[Nory] liked when things had layers—the earth has layers, the trunk of a tree has layers, the atmosphere has layers. A conker has layers, too. It has a green spiky outer layer and a very shiny wonderful layer which is the conker itself, which is like the finest smoothest wood in a very precious table or the knob of a chair or something like that, in a great palace like Ickworth House, where the floorboards are curved. (They were somehow bent into curves with the help of steam engines, which pleased Littleguy.) And then inside that there's the growing part of the conker, which is like the nerve of the tooth. Sometimes you can find a double-conker. 'Conker' is the English way of saying horse chestnut, and it's a very good way because they can suddenly conk you on the head.

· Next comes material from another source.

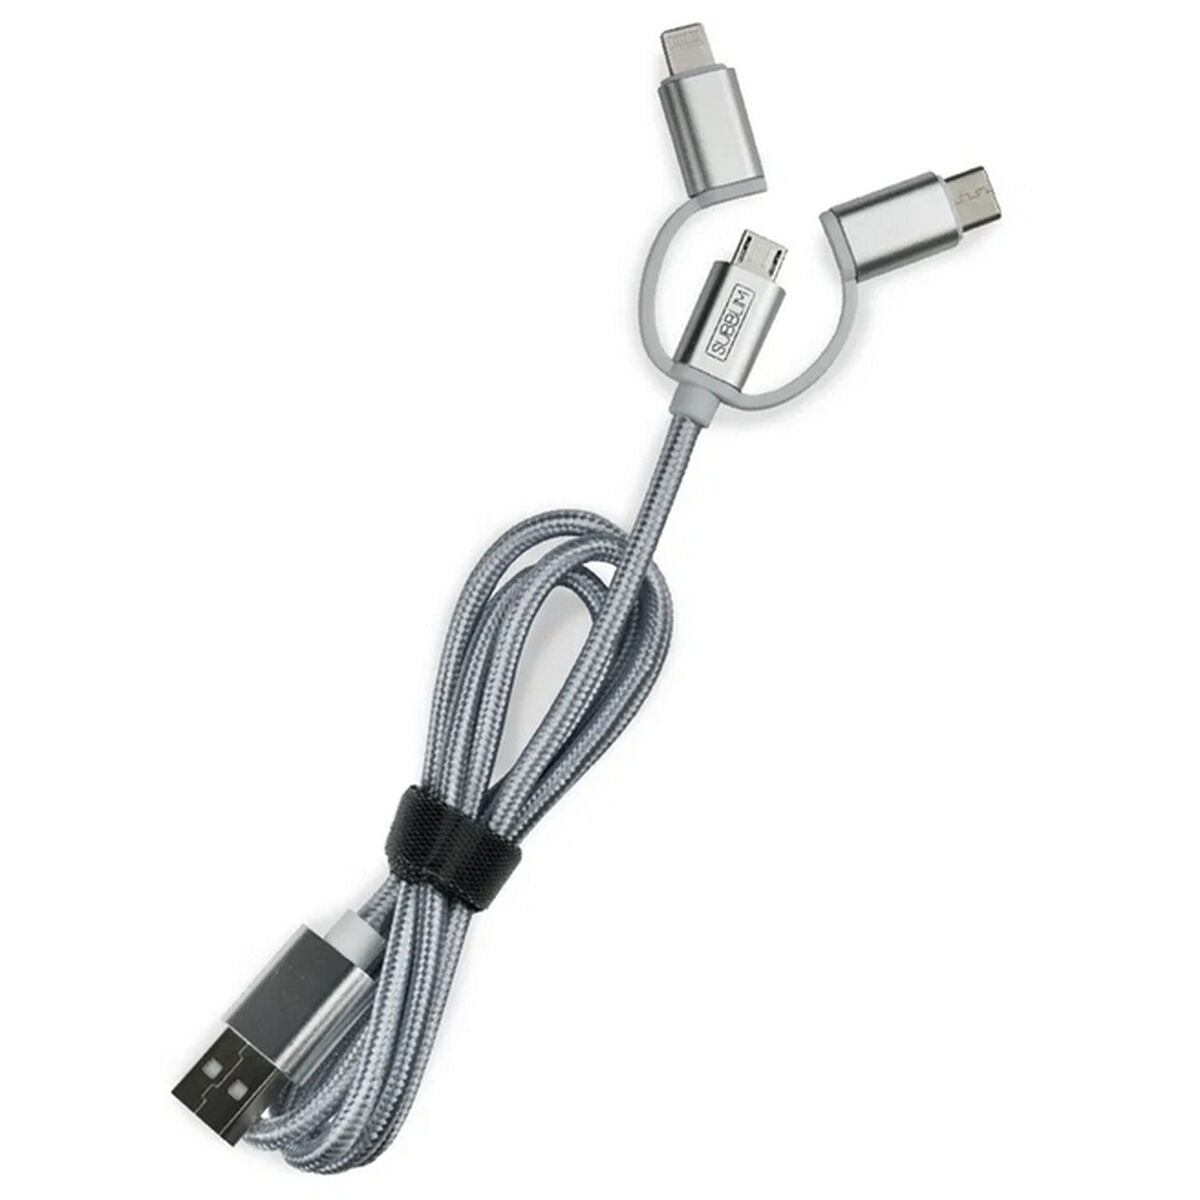 Universal USB Car Charger + USB C Cable Subblim Cargador Coche 2xUSB Διπλή φορτιστή αυτοκινήτου Alum 2.4A + Cable 3 σε 1 ασημένιο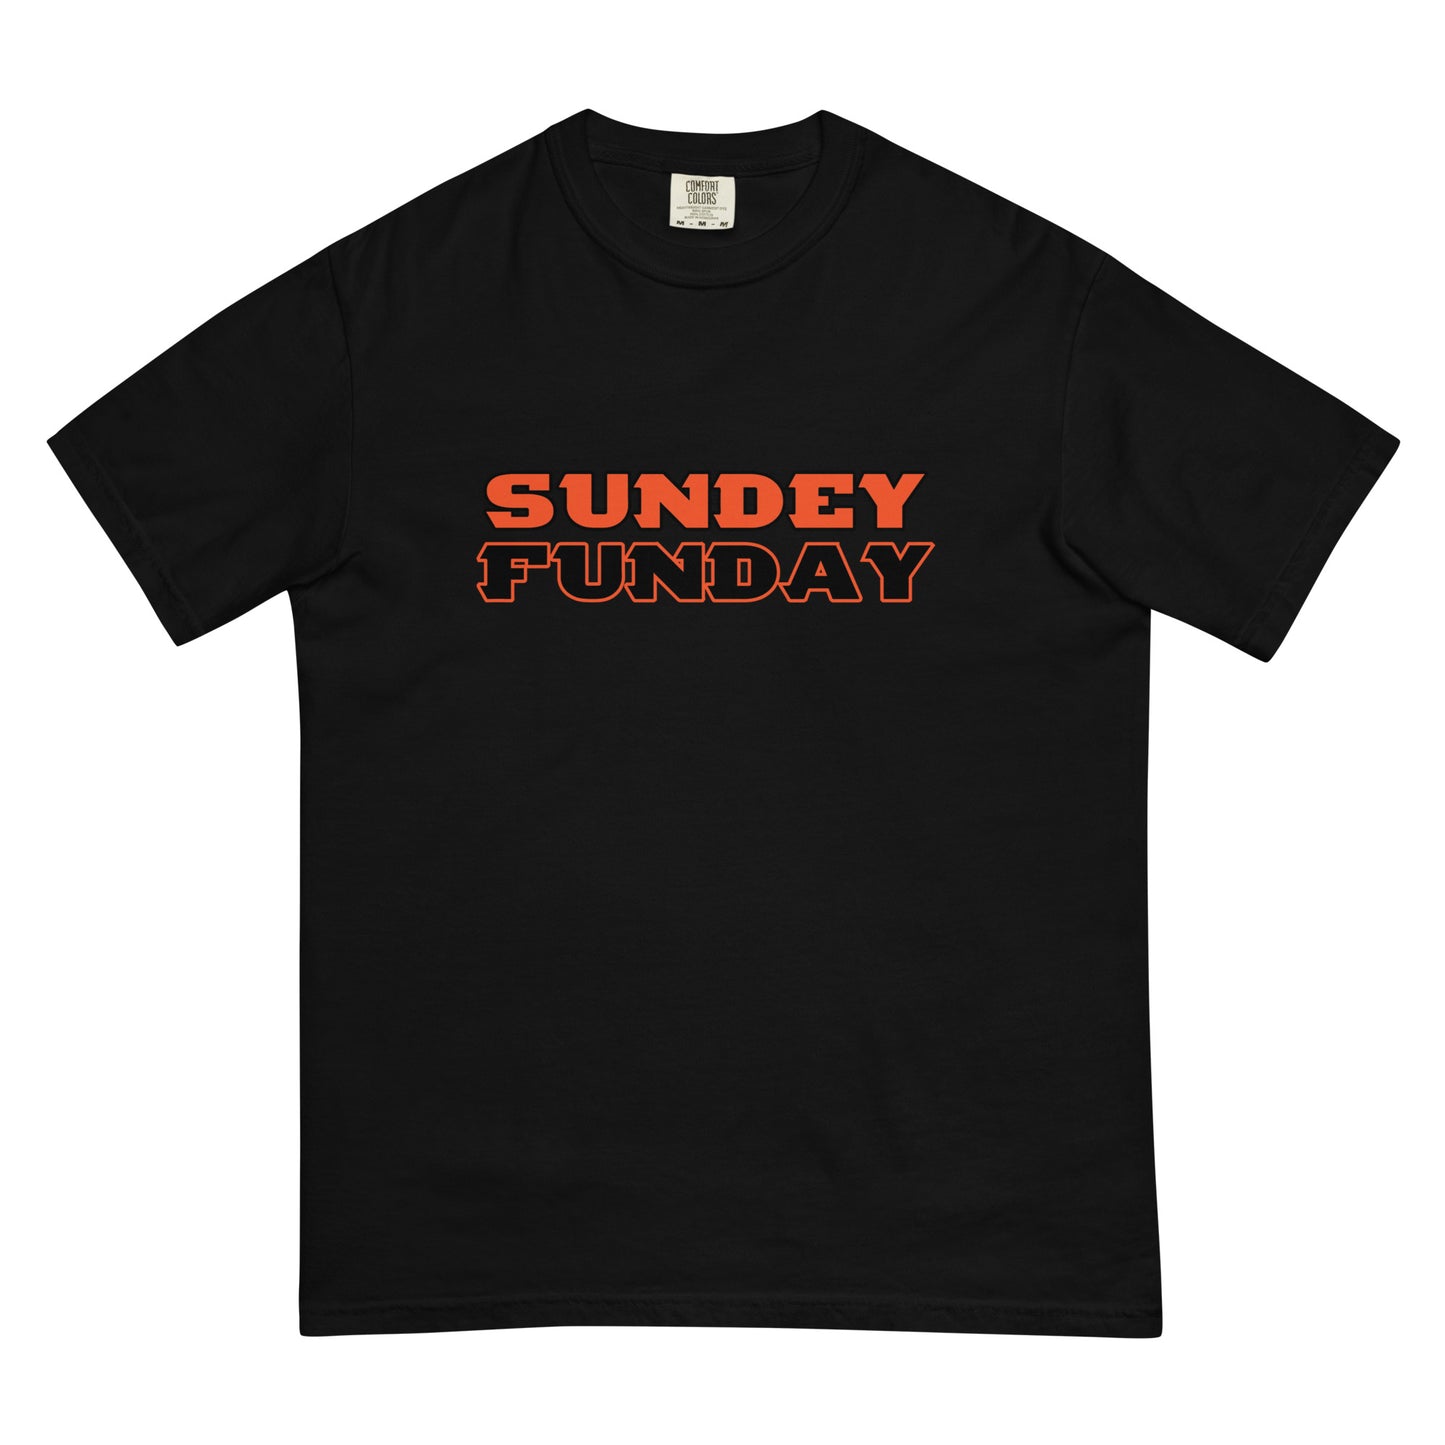 SunDEY Funday

-Nicholson Baker, The Everlasting Story of Nory, 74.
2 comments:
I love conkers, aka horse chestnuts, aka buckeyes. We found a whole crop outside Williston one year, and every Fall I'm on the lookout for more, but with no success. Yet. To construct an analogy, conkers are to Autumn as blue sea glass is to the ocean.
I remember the buckeyes! I also remember my overpowering urge was to throw them at someone, anyone. They're just so throwable! But I resisted hocking them at you and instead threw them a the mighty bricks of Williston. Bricks don't bruise.